At the start of Russia's full-scale invasion in 2022, Ukraine lacked a naval force capable of meeting the threat. What little it had didn't last long. To prevent the Russians from capturing it, the Ukrainians scuttled their one major warship. Its other naval vessels were damaged, destroyed, or captured.
To project power in the Black Sea and fight back against Moscow, Kyiv launched an asymmetric military campaign involving domestically produced naval drones and missile strikes.
Ukrainian operations have damaged or destroyed dozens of Russian warships and naval vessels and forced Moscow to relocate much of the Black Sea Fleet from its Sevastopol headquarters in occupied Crimea to the port of Novorossiysk on the other side of the region.
Staggering Russian losses and forced retreats under relentless Ukrainian strikes have stretched a Russian fleet already hobbled by attrition, aging ships in need of repair, and a shipbuilding industry too strained to replace them.
Russia's naval setbacks worsened in late 2024 after Syrian rebel forces seized the capital, Damascus, and toppled the Assad regime, bringing a swift end to the country's yearslong civil war.

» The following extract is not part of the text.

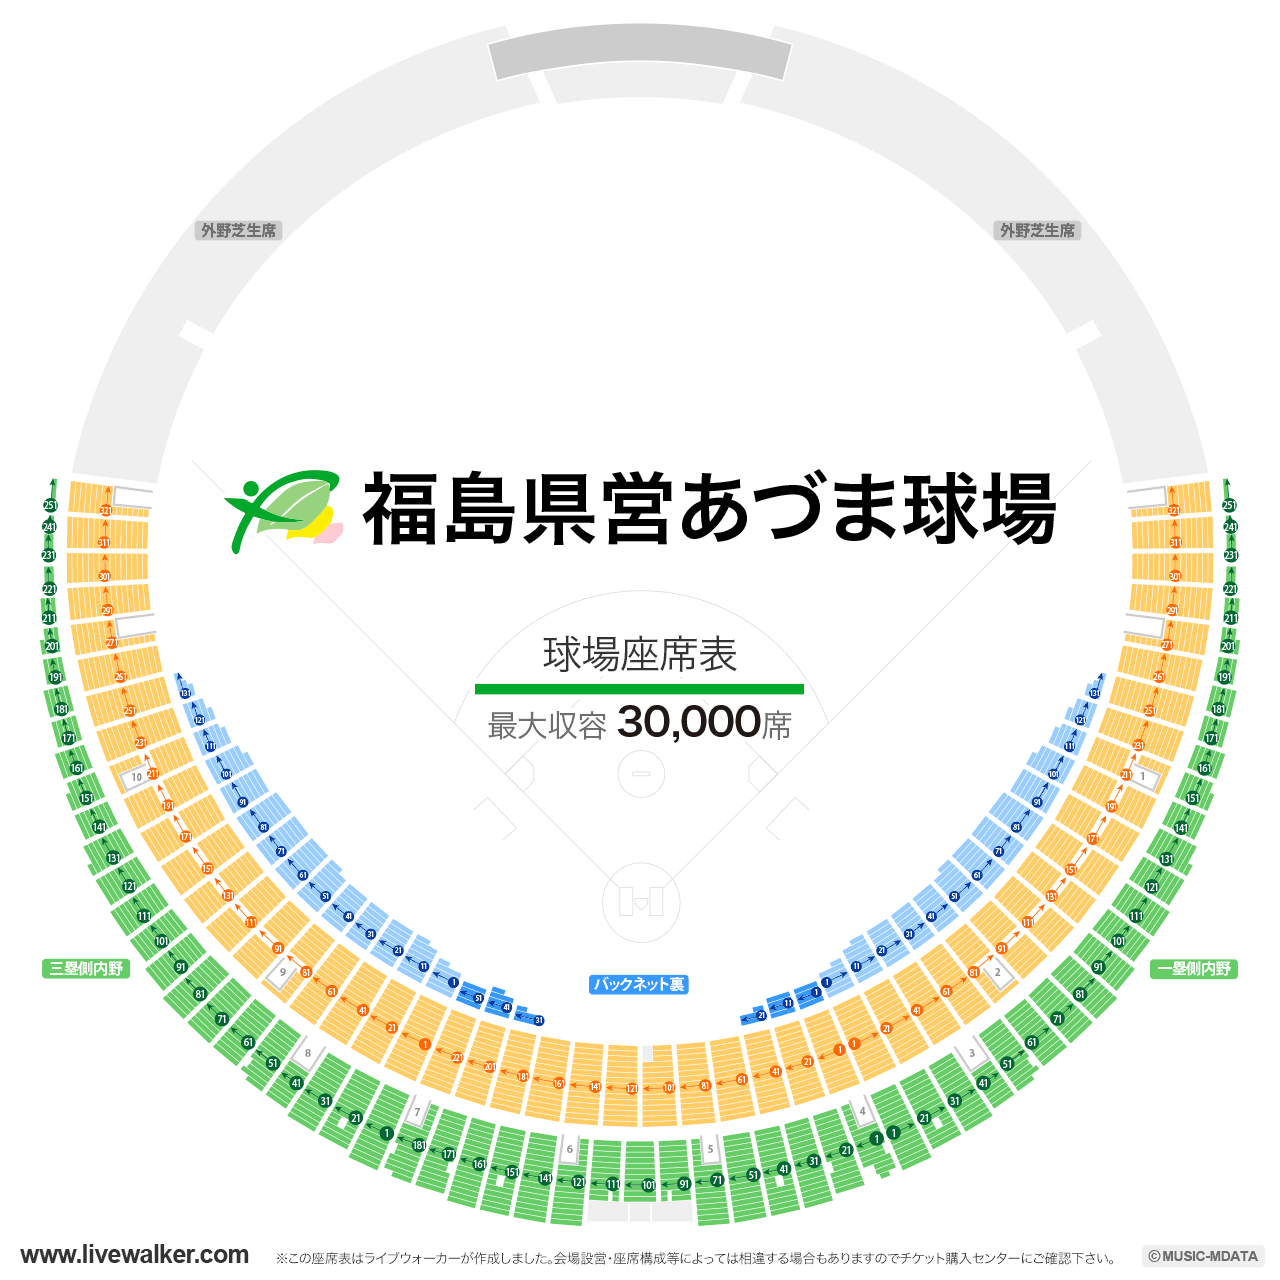 福島県営あづま球場球場の座席表

Russia provided military support to the Assad regime during the brutal conflict, and in exchange, it enjoyed a significant presence at Syria's Tartus naval facility on the Mediterranean Sea. However, the change in Damascus has jeopardized the future of Moscow's operations at the strategic port.
Warnaar said the fallout of these two setbacks has been significant for the Russian Navy.
"I think they've always been stretched," Warnaar said of Russia's naval forces, but the situation looks to be getting worse. "Once things start to happen — and, obviously, Ukraine is an example — they'll be even more stretched." He noted that NATO has the assets for any additional stretch required.
"Looking at what they're doing in the Mediterranean, losing a port there means losing logistical support — and that stretches the capabilities they have, which mainly come from this Northern Fleet," the commander said. The Northern Fleet is based in Russia's Murmansk region, along the Barents Sea.
A NATO official echoed Warnaar's assessment and said losing Tartus means Russia now needs to pull assets from other regions to support operations in the Mediterranean, putting greater stress on Moscow's ships and submarines and support systems to sustain the deployments.
And Russia's Black Sea losses have only added to its force generation challenges, said the NATO official, speaking with Business Insider on the condition of anonymity to discuss alliance observations concerning Russia's navy.
These issues are not unique to the Russian Navy. The official said many militaries face force generation issues. But Moscow's problems are compounded by its efforts to keep pace with NATO's vast, jointly organized maritime presence around the European continent.
These challenges are becoming increasingly important in the Arctic region, where climate change is opening up new shipping lanes, creating military and economic opportunities for NATO allies — and adversaries.
The growing significance of the High North region was underscored last month when Standing NATO Maritime Group 1 — led by the sleek Dutch warship De Ruyter — deployed to the frigid waters off the northern coast of Norway to conduct a range of operations.
British Cdr. Craig Raeburn, chief of staff of the maritime group, told Business Insider that NATO was "operating in this area because it's something we haven't done for a while." He said one of the many reasons the consortium of warships deployed to the Arctic is to keep an eye on Russian activity in the region and also "see how they react to us being here."
Moscow was relatively unmoved by the deployment. At one point, a lone Russian naval aircraft operated in close proximity to the maritime group, but none of its ships came out to monitor the NATO activity, Warnaar said. He attributed this to possible strain on the Russian Navy following a series of major exercises called July Storm.
Cdr. Arlo Abrahamson, spokesperson for NATO Allied Maritime Command, said the alliance's maritime presence across the Euro-Atlantic is intended to defend and protect allied interests.
"In projecting this maritime presence, with a robust security network of Allied navies, if an adversary wants to maintain a similar profile, it's going to place strain on their force generation capabilities," Abrahamson said in emailed remarks to Business Insider. Russia isn't able to match that without stress on the fleet.